I exercise about 6 days a week with a mixture of running, cycling and weights. Each week I try to fit in one long run (20km+), which I did yesterday. Today I feel really fatigued, worn out, and my shins and hip joints ache from the repetitive pounding. I’ve been so focused on exercise over the past few months that I’ve considered if it’s some sort of obsession or compulsion – like alcohol.

But I’ve decided that it’s not like alcohol at all – it’s just a hobby I’m really passionate about. Here’s why:

1) Some days I just don’t do any – and it’s not a big deal. Some days I just wake up and say ‘Nahhh. Not today. I want a day off’ and then I don’t feel bad. On the rare days when I had no alcohol it used to take all my effort to stick to the goal. And even though I didn’t drink, I still thought about it for the whole day.

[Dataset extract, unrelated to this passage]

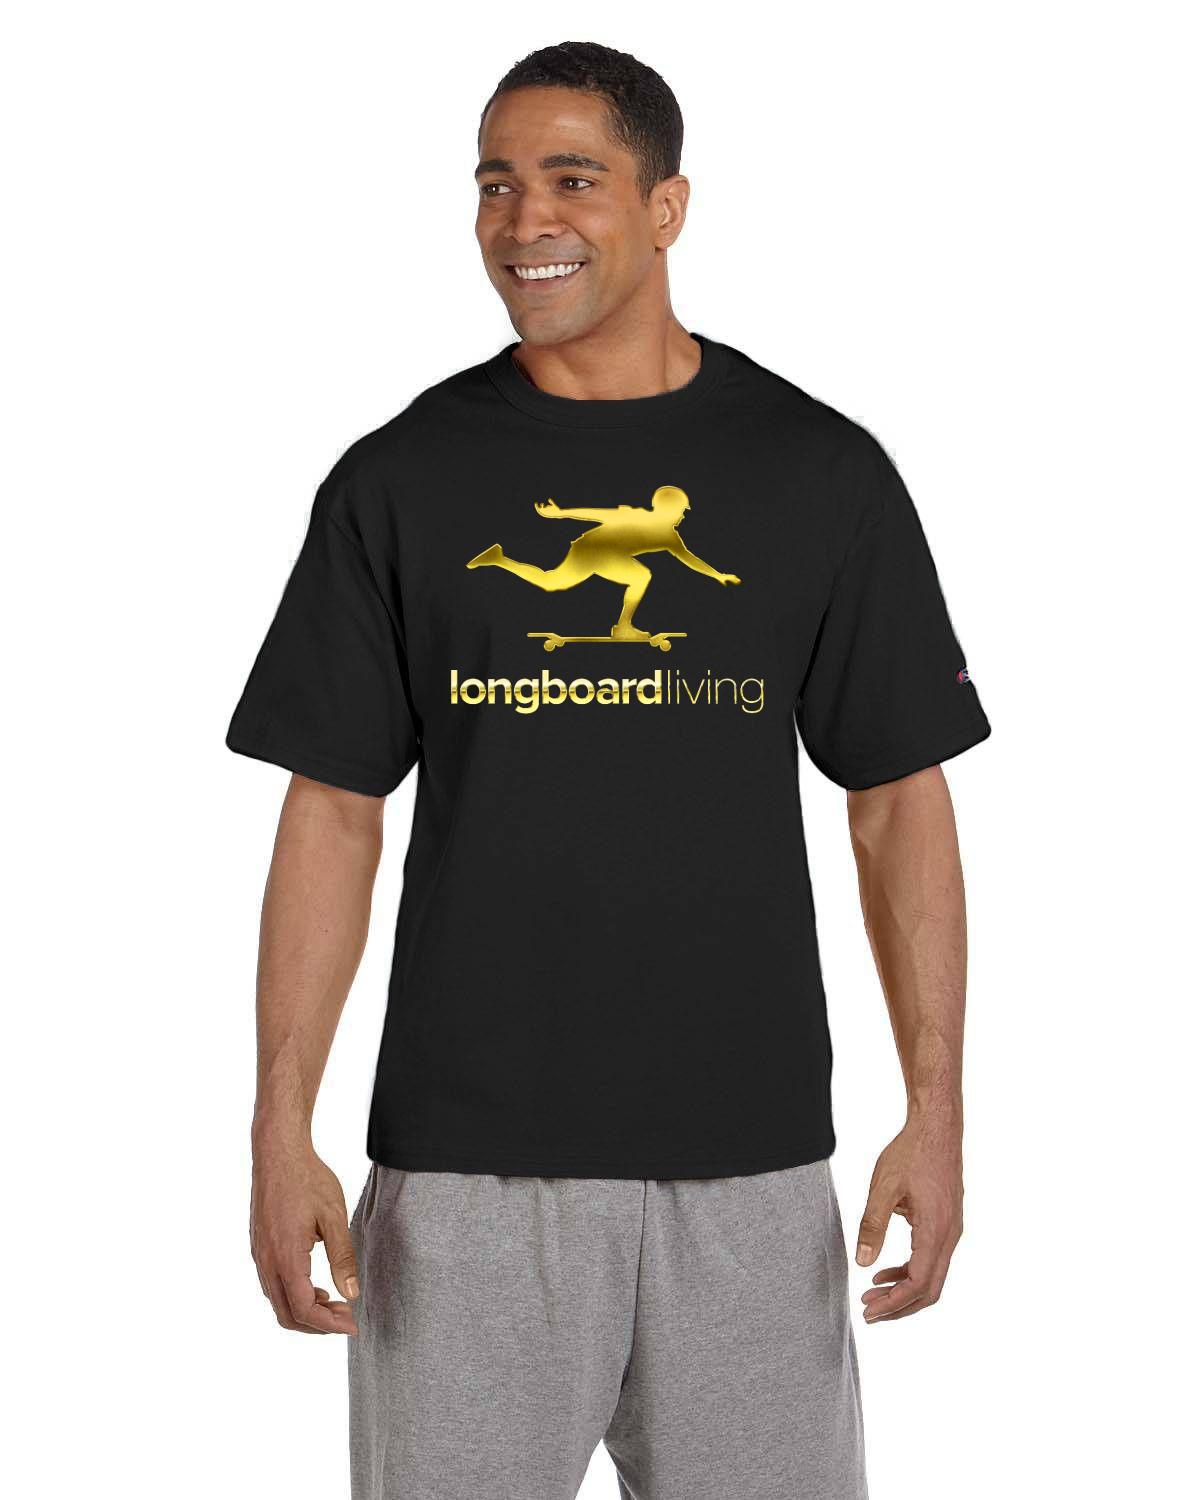 Longboard Living Gold print on black Shirt

2) I listen to whether it makes me feel good or bad. If I feel fatigued or pain I know it’s probably not smart to exert myself – so I don’t. Ummm ‘cos that would be dumb, ‘cos my body is saying it needs time to heal and recover. Compare that to the harm I knew I was doing with alcohol, the headaches, feeling ill… I drank each evening anyway.

3) If I have something else I want to do – I go and do it. I don’t say no to dinner with friends because I ‘have’ to go running. Sometimes I juggle my schedule so I can squeeze both things in – but that’s just my approach to life in general.

4) Exercise makes me feel good. It makes me feel more energetic, sleep better, gives me a sense of achievement and probably helps keep my moods stable. Alcohol made me feel lethargic, moody, tired – it was not a positive experience towards the end.

5) I don’t try to hide or cover up my exercise. I celebrate big exercise achievements. I’m sure my Facebook friends are sick of status updates about running or something which happened while I was running. When I was drinking I was constantly minimise and cover up how much and how often I drank.

6) I don’t regret it the next day or feel guilty. Even if I wake up feeling tired and achy I don’t regret it or spend hours wishing I hadn’t done it. I reckon I spent several years alternating between 4 states: being asleep; feeling guilty about drinking; planning my drinking; and drinking.

And today – it’s Friday. I’m completely worn out from a week at work and exercising several days in a row. Today I plan to go home, finish a DIY carpentry project and then watch TV on the couch with lots of tasty things.  Because I’m passionate about exercise and training – but not obsessed!

PS: Although I can’t rule out that I might get up early tomorrow morning and go to my local Saturday morning running club… ‘cos it’s fun and I want to try and break my PB time (personal best).

PPS:  But then again if I still feel exhausted I’m more likely to roll over and sleep in.